▸ Work task
Some of the lines below need repeating. Reproduce exactly those between the lines holding "Vintage Aluminum Glove" and "Our experts can", inclusive.
[[ Recorded data, beginning ]]
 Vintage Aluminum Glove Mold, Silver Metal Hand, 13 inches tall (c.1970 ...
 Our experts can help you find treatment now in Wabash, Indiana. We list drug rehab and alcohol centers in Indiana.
[[ Recorded data, end ]]
[[ Recorded data, beginning ]]
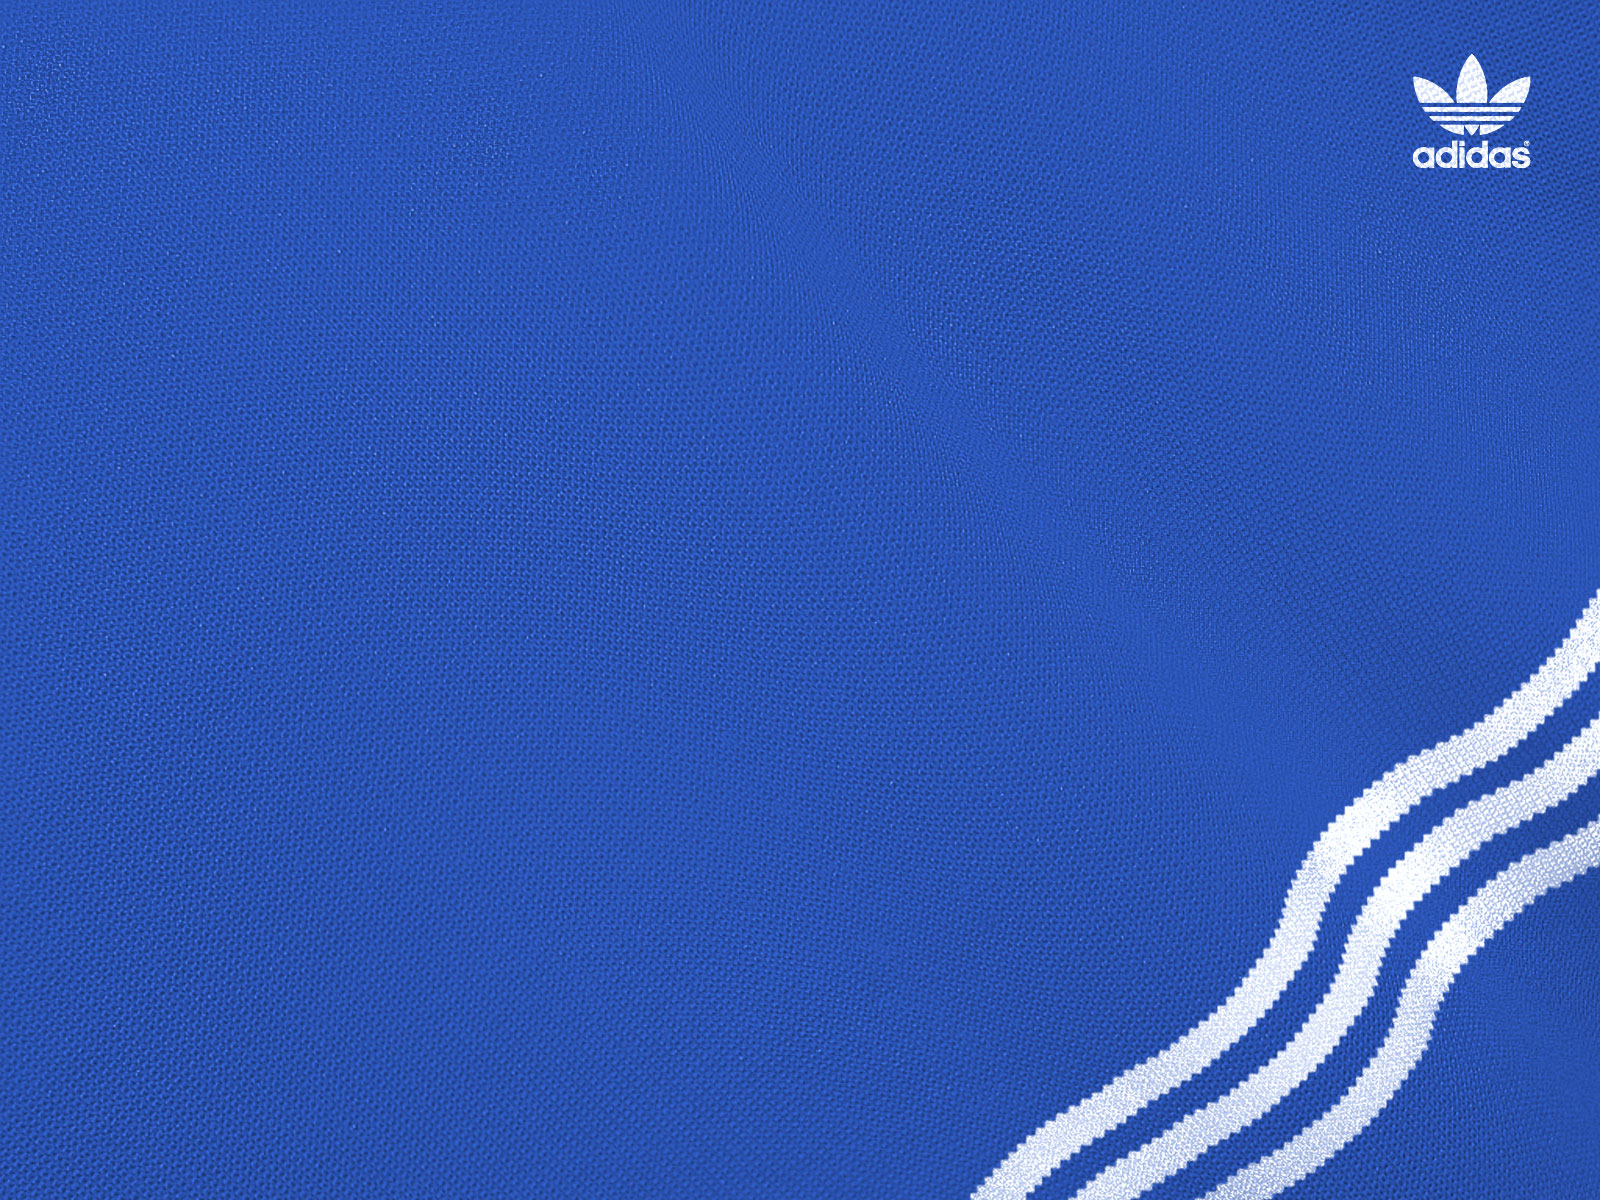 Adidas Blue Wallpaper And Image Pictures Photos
[[ Recorded data, end ]]
[[ Recorded data, beginning ]]
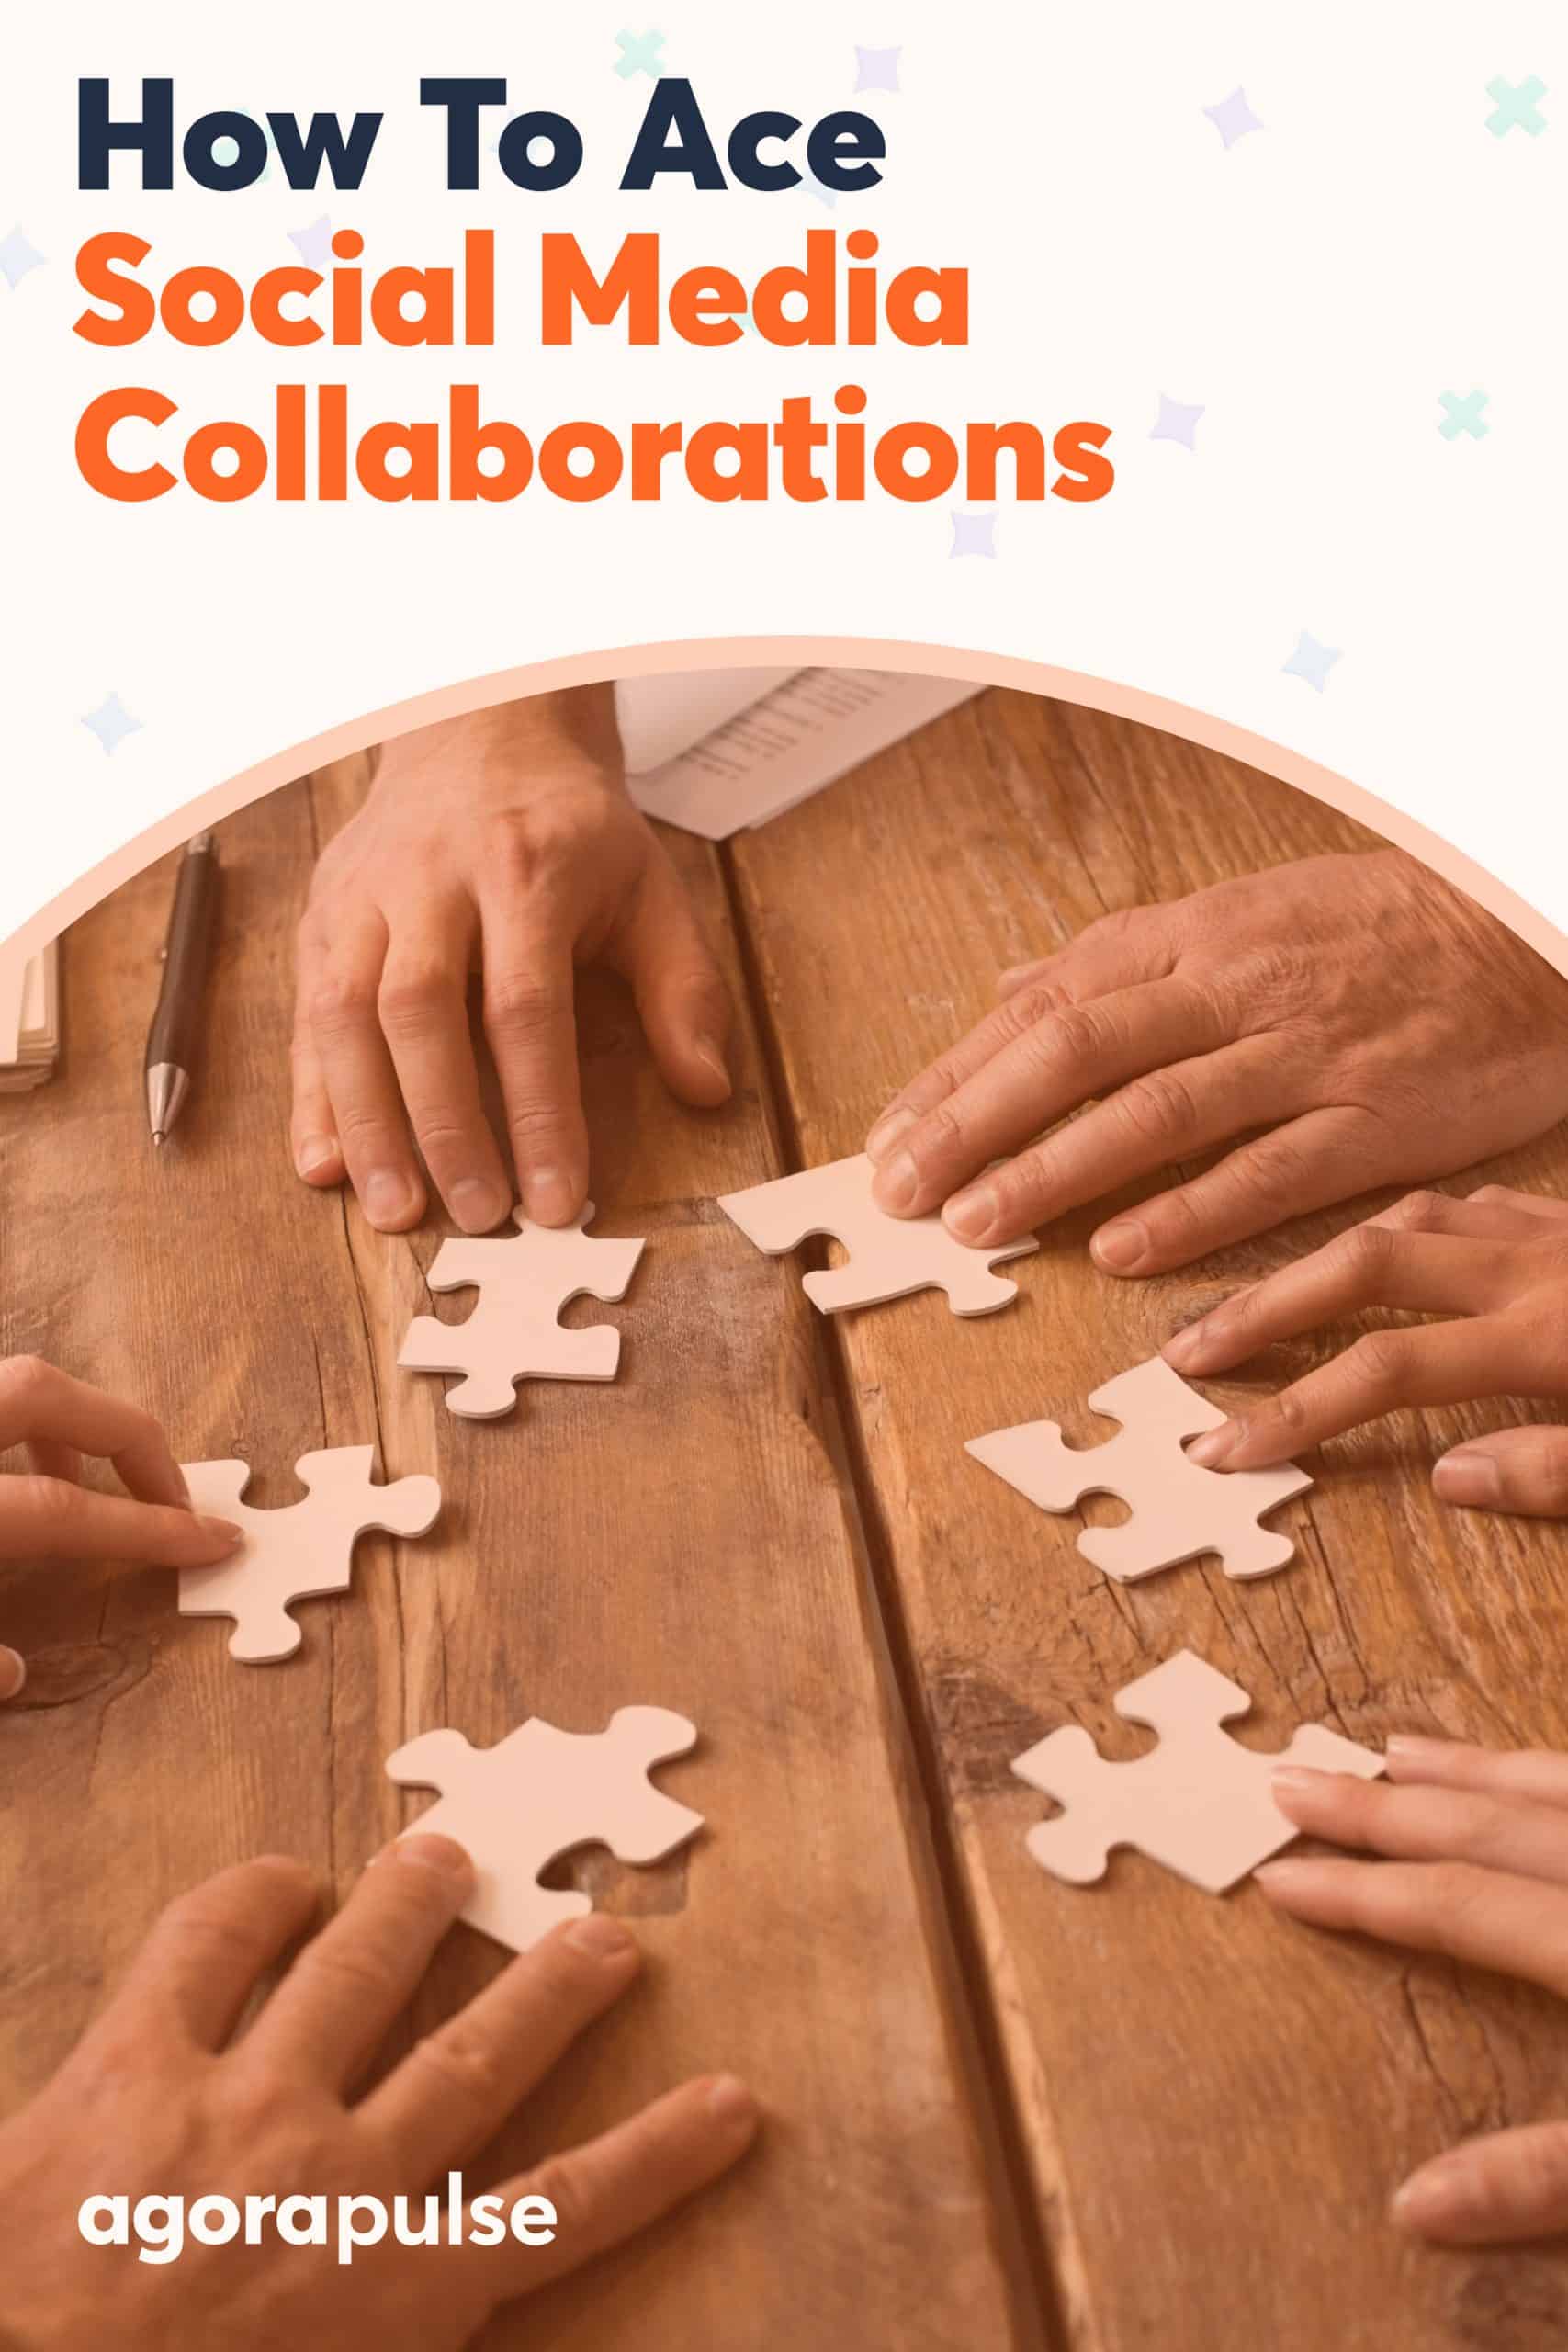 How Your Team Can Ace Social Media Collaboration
[[ Recorded data, end ]]
▸ Response area
 Vintage Aluminum Glove Mold, Silver Metal Hand, 13 inches tall (c.1970 ...
 Our experts can help you find treatment now in Wabash, Indiana. We list drug rehab and alcohol centers in Indiana.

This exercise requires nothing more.